Юга, курорты, спецдомики под названием „охотничьи“, лихая стрельба в заказниках, шашлыки, сырая звериная печенка. Киноведы в штатском. Официантки всех национальностей, форм и расцветок. Пьяные объятия. Поцелуи. Похлопывания по спине широченных начальственных ладоней…
Очнулся — не снимают. И не зовут сниматься. Сергей Аполлинарьевич и Тамара Макарова отворачиваются, руки не подают. Протесты. Жалобы. Истерики. Раздумья. Терзания. Зависть. Творческий застой. Первый длительный запой.
Упреки. Подозрения. Неоправдавшиеся надежды. Баба моя — Виктория — начинает кричать. Потом посуду бить. Пробует и меня бить. Однажды из-за ревности чуть нос мне не откусила. А куда же артисту без носа-то?

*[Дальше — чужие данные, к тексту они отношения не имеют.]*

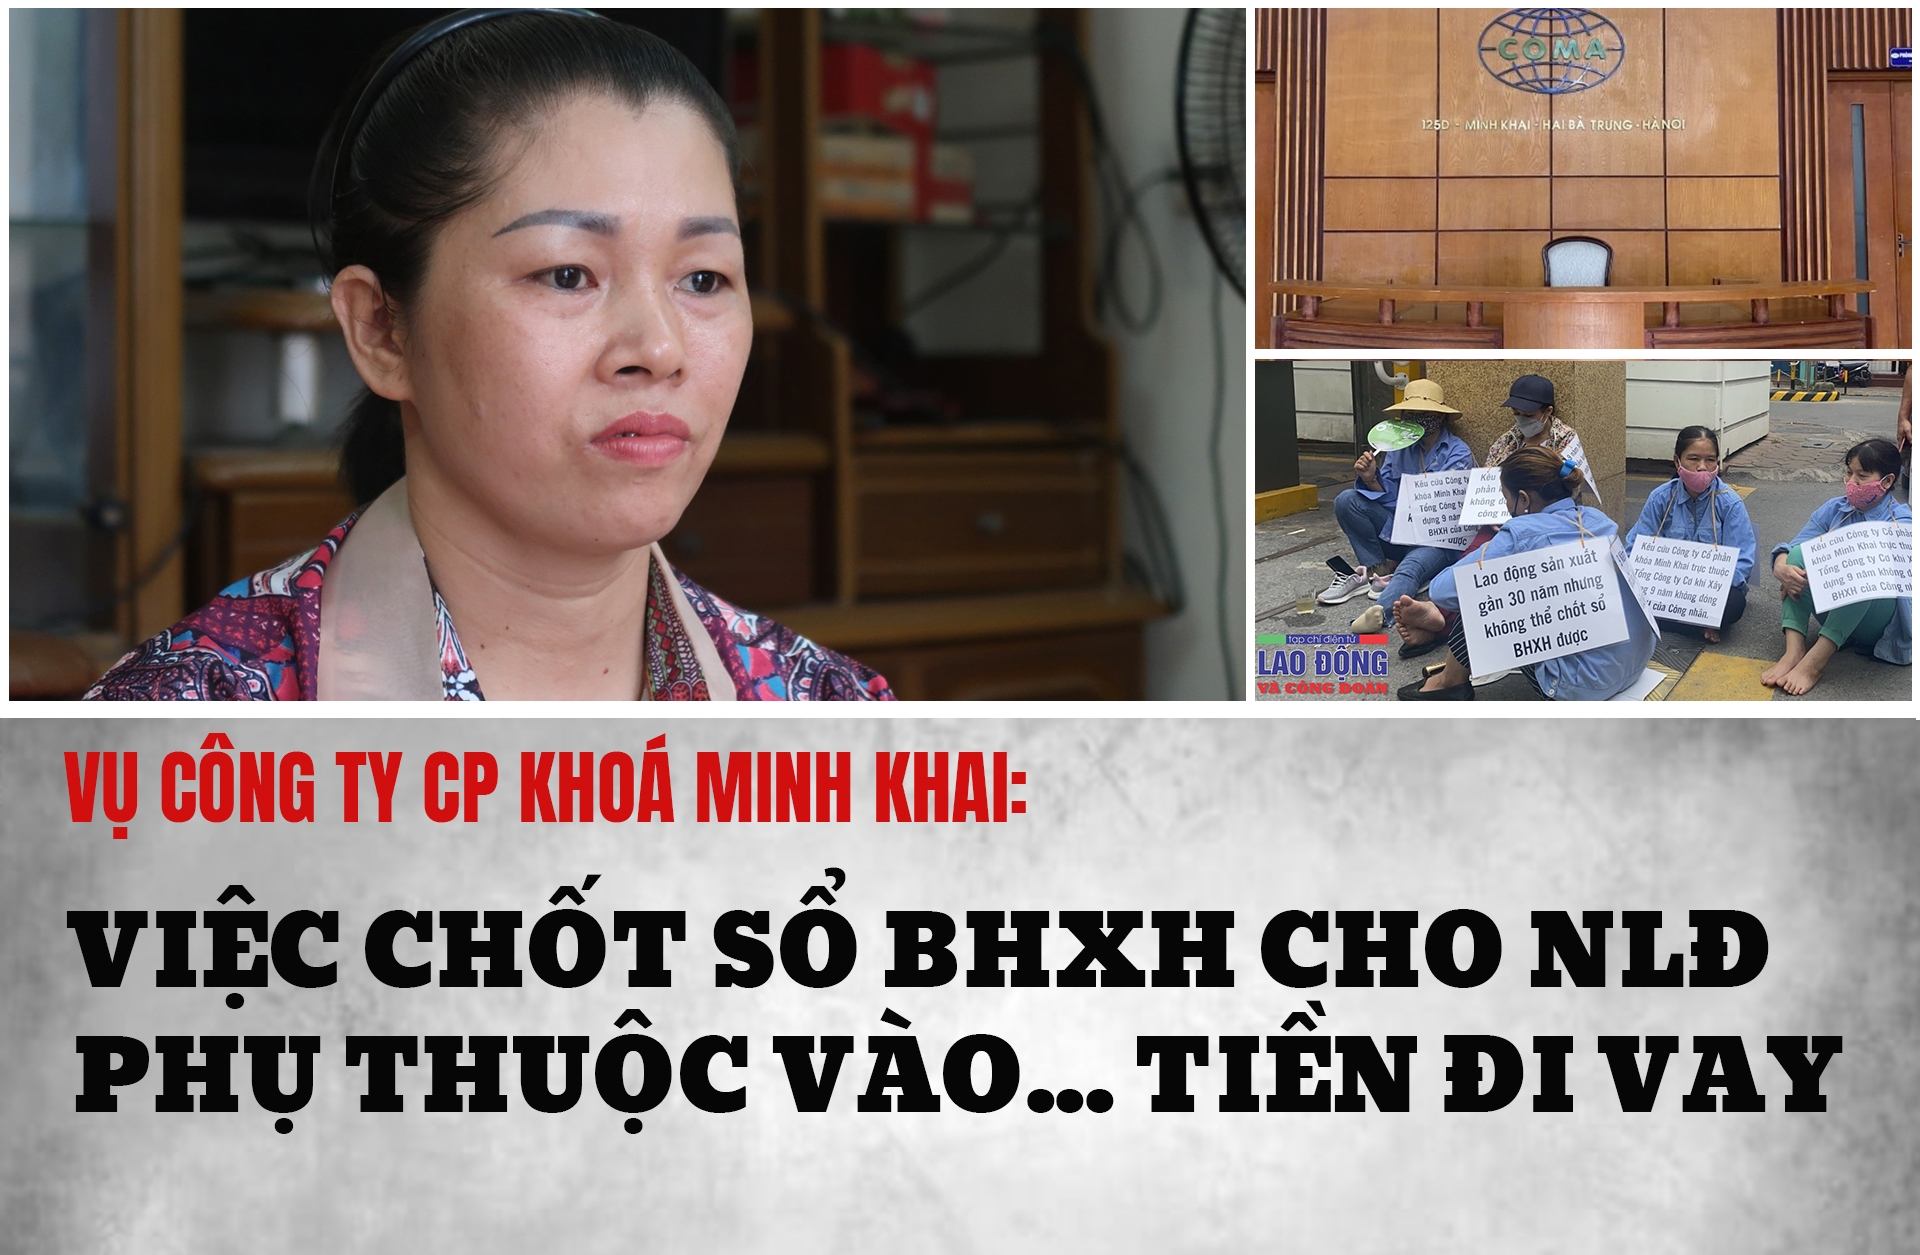 Vụ Công ty Khoá Minh Khai: Việc chốt sổ BHXH cho NLĐ phụ thuộc vào... tiền đi vay
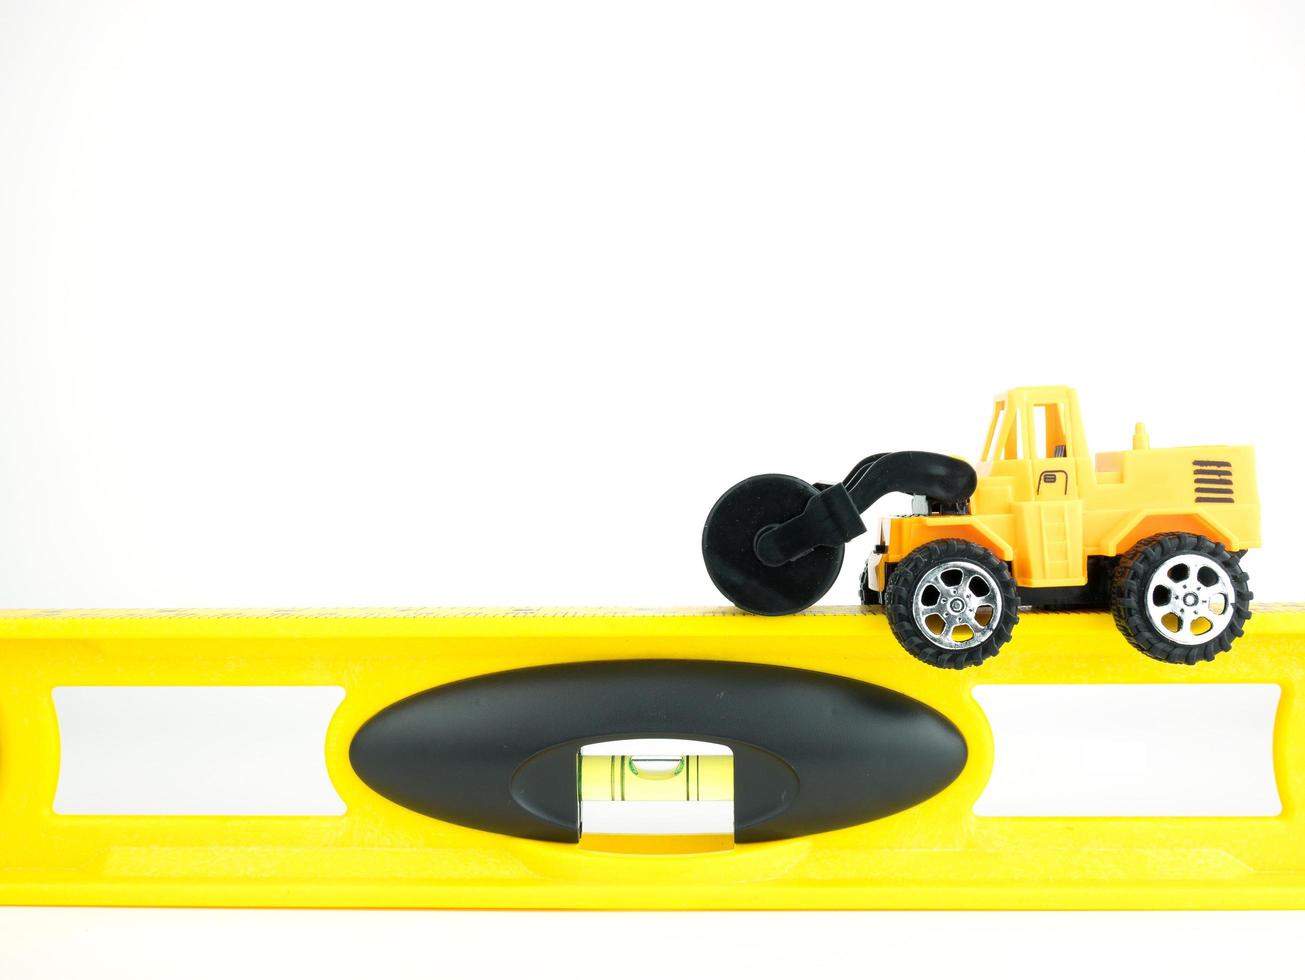 carro de estrada de pressão de brinquedo com nível de construção em fundo branco, conceito de construção de engenharia foto

Стал я задумываться. Петь Николая Рубцова под гитару: „Буду поливать цветы, думать о своей судьбе…“
Раздумья были результативны. Я оглянулся окрест, и сердце мое содрогнулось: в какой же я свинарник по пьянке залез! Есть у одного, уже покойного, поэта, близкого мне по запоям, замечательное стихотворение о Мадонне Рафаэля. Это, значит, давняя уже история. Перед тем, как увезти обратно, вернуть немцам сокровища Дрезденской галереи, захваченные, — ой, простите! — спасенные нашими доблестными войсками, народу их показывали на прощанье и отдельно показывали великую Мадонну. Я ее тоже видел, но не скажу, что высоко оценил. Из деревни ж совсем недавно. Мне тогда руганый-переруганый Лактионов был ближе, чем божественный Рафаэль.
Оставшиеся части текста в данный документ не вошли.